What makes the human brain unique compared to, say, a dolphin brain or an elephant brain? It certainly can’t be one solely of size, since many modern cetaceans (whales, dolphins) have an even greater brain size relative to body size . And an extreme level of surface complexity also isn’t unique to Homo sapiens. For instance, dolphins have a neocortex with polymicrogyri which look more akin to that of the human cerebellum than a cerebrum.
Dolphin brain. Adapted from Butti et al. (2011).
Why are humans so unique? Honestly, I can’t say I know the answer to that. Maybe it’s just sheer stupid luck to have developed the right combination of abilities, which many types of gyrified brains could potentially handle, but whose anatomies and circumstances didn’t allow them to happen.

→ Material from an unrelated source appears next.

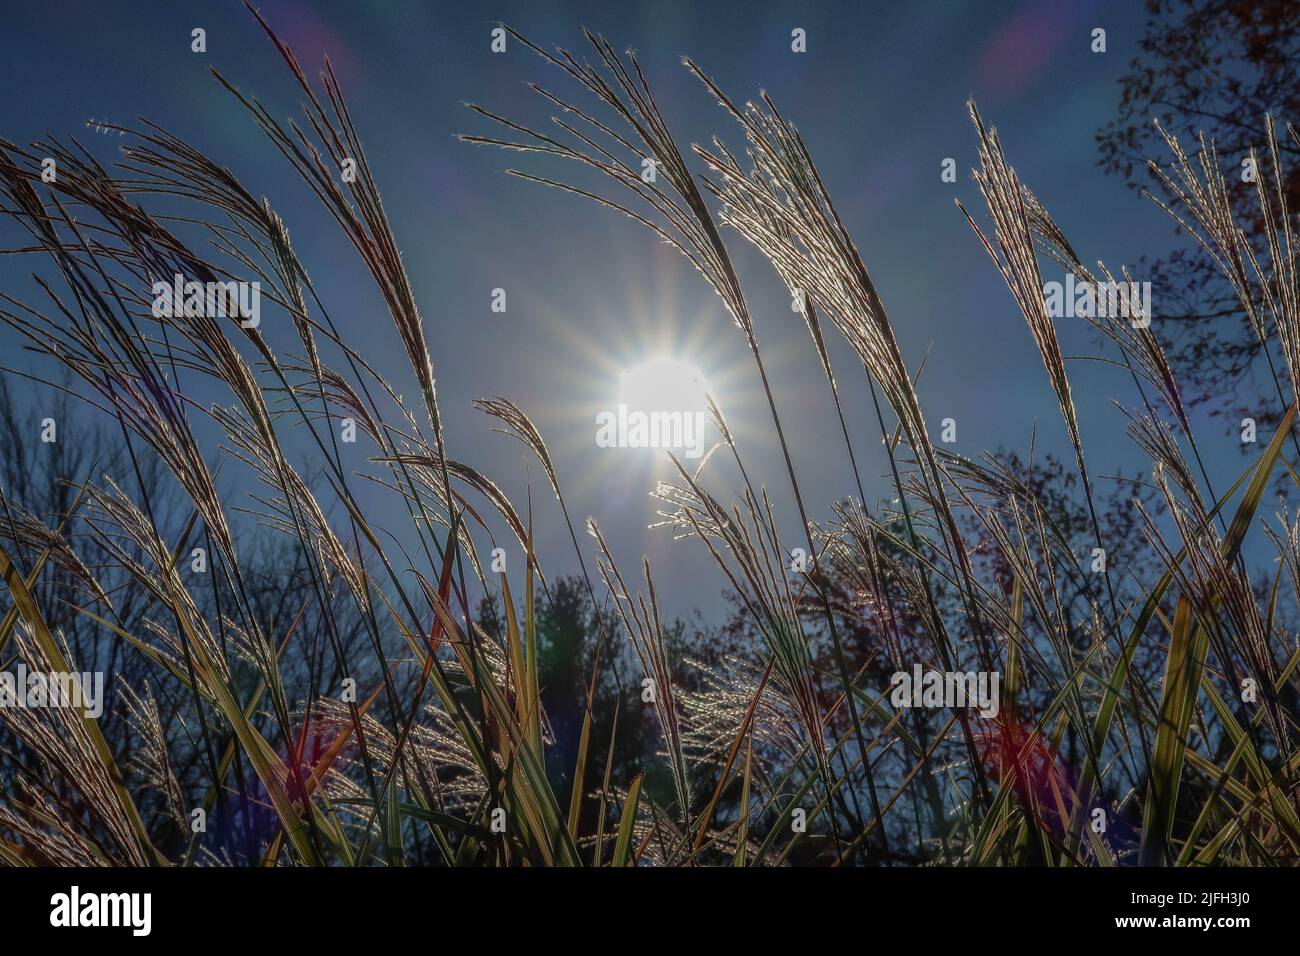 The long fluffy plants against the shining sun Stock Photo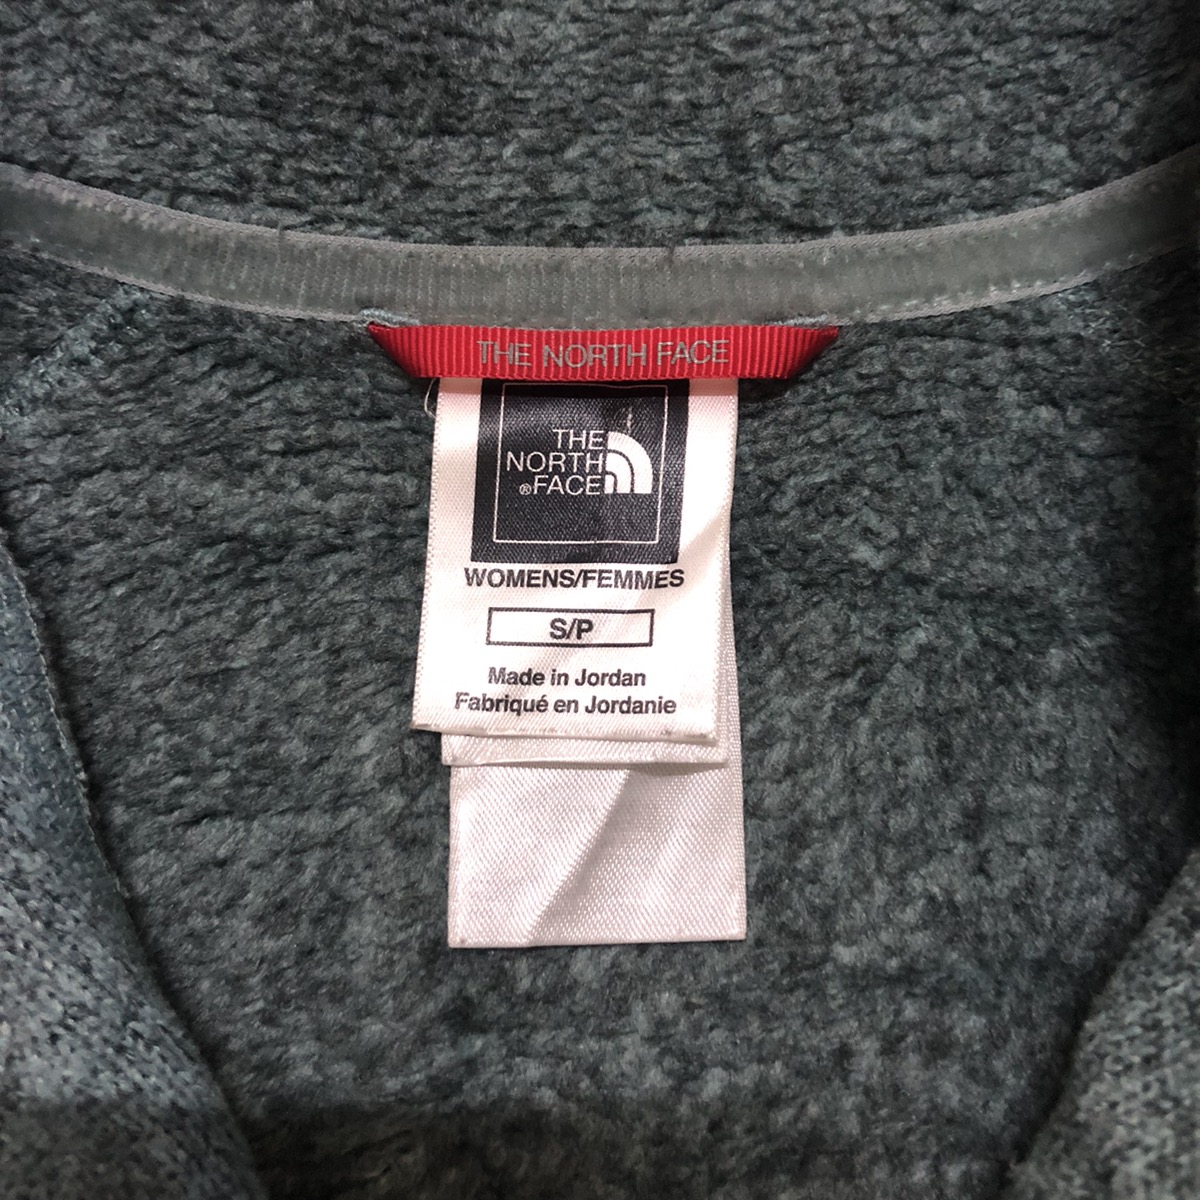 The North Face sweater fleece 1/4 toggle button - 6

Let’s review. For one, our bipedalism is a useful development, having allowed us to both travel long distances comfortably and having freed up our hands for more refined, useful activities. Related to that, opposable thumbs, which allow us to grasp objects and manipulate them better, have fostered our capacity for tool development. And not only our ability for understanding language but for having a throat, mouth, tongue, and lips which in symphony produce such a huge variety of sounds have been vital in our species’ success. And finally, put it all together and we have the ability to build, use, and communicate about important tools and ideas which have ultimately fostered our rapid societal progression.
Maybe there isn’t a single thing that’s truly unique about humans but a number of convergent abilities. Perhaps human evolution just happened to be in the right place at the right time.